Flaming Gorge Marinas Race To Survive As 1M Acre-Feet Of Water Sent Downriver

Federal officials announced earlier this year that they will release up to 1 million acre-feet of water from Flaming Gorge Reservoir to boost critically low levels on Lake Powell and protect hydropower operations at Glen Canyon Dam in Arizona. That lifeline for Lake Powell has become a slow-motion disaster upstream, where marina operators are racing a falling shoreline and wondering if their businesses have any future beyond 2026.
“We’re not letting the docks go up on shore and break,” said Stacey Rauch, co-owner of Cedar Springs Marina at the reservoir’s south end in Utah. Her crews are scuba diving to detach underwater trusses and move finger docks toward deeper water, splicing gangways and relocating fishing piers. At Buckboard Marina at the north end in Wyoming, owner Tony Valdez hasn’t been as fortunate. “It literally broke every structure on all three of my piers,” he said. “This is devastating. It’s damaged everything.”
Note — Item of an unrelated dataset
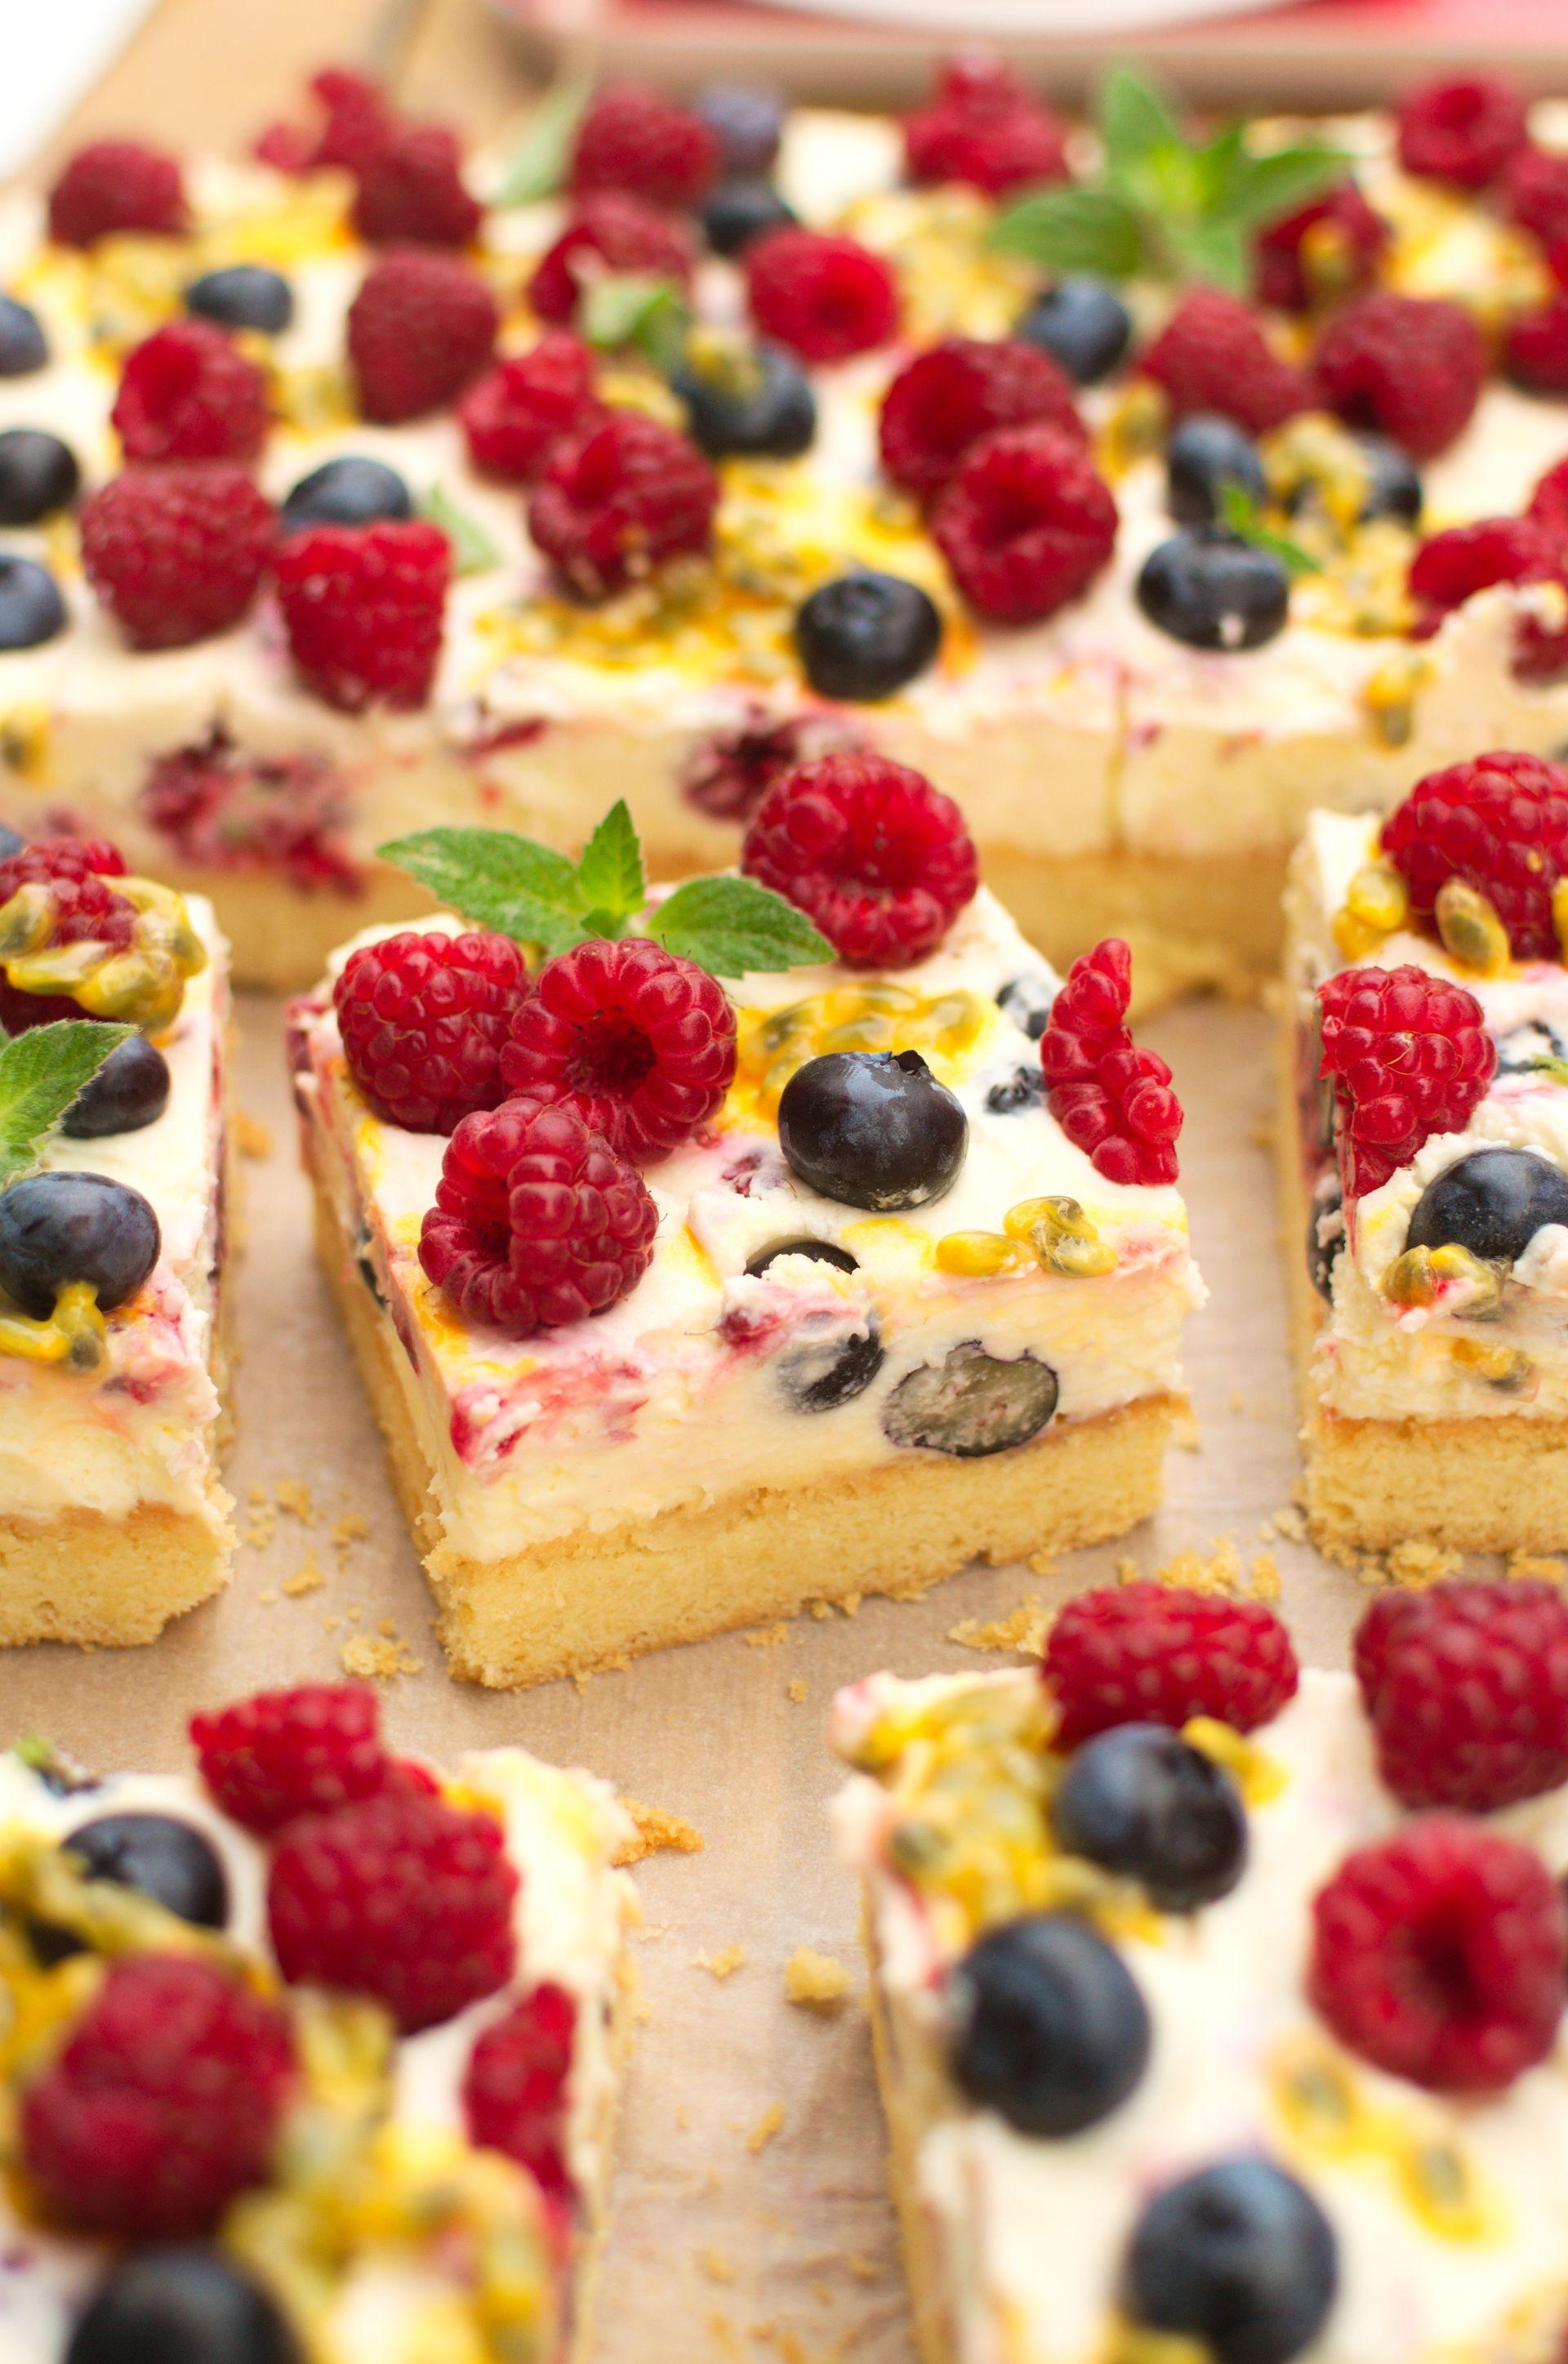 Maślane kruche ciasto z owocami i mascarpone

The broken docks are only part of Valdez’s worry. Flaming Gorge has become world-famous for its kokanee salmon fishery, attracting anglers from around the world for five decades. A 2022 drawdown wiped out the kokanee spawning grounds, and the newly stocked population was just about to reach maturity. “We were just starting to get them back, and now they just destroyed them again,” Valdez said. “They’re literally going to destroy all that again. It will be gone by July.” The drawdown’s timing couldn’t be worse, he added: “This should be done over the winter, because the kokanee and all the fry spawn in September and need three months to get out of the rocks.” The value to Wyoming from this fishery is upward of $330 million, Valdez said.
Even as the water drawdown pressures marinas, Flaming Gorge is simultaneously rising in national prominence as a top scenic destination. The Flaming Gorge-Green River Basin Scenic Byway was designated an All-American Road in 2021, a status shared by only 37 other routes nationwide. It has helped Flaming Gorge become a cornerstone of Sweetwater County’s $160 million tourism economy, supporting nearly 1,500 jobs and drawing an estimated 50,000 visitors annually. Because water isn’t visible for most of the drive, marketing hasn’t focused on boating; guided bus tours highlighting landscape and outlaw history remain strong.
Despite all the work, neither Valdez nor Rauch is sure their marinas have a future beyond 2026. This year’s draw will take Buckboard Marina to the edge of its existence. “Literally, in the fall, we’ll be at 5,970 feet,” Valdez said. “My ramp runs out at 5,960.” Next year, if another million acre-feet is needed, Buckboard becomes a cliffside campground. “That elevation means there’s no Wyoming marinas at all,” he said. “They’re all gone, and I don’t recover from that. We’re just not a marina anymore.” Rauch agreed another million acre-feet would be catastrophic. “This is killing two reservoirs instead of letting one run its course,” she said.
Both question whether the juice is worth the squeeze. Valdez has heard the 7-foot drop at Flaming Gorge translated into only 2 inches more water for Lake Powell. “It’s crazy,” he said. “It’s absurd. They’ve just literally compromised so many businesses, so much stuff, and they’re going to keep doing this all year long.” Rauch questioned the “tremendous” amount of water downstream communities continue to use, noting swimming pools and misters in desert cities while her community dry-scapes and conserves. “There’s no question where the water is going and why we’re running out of it,” she said. “They’re squandering it. It’s just a terrible mismanagement of our most precious resource.”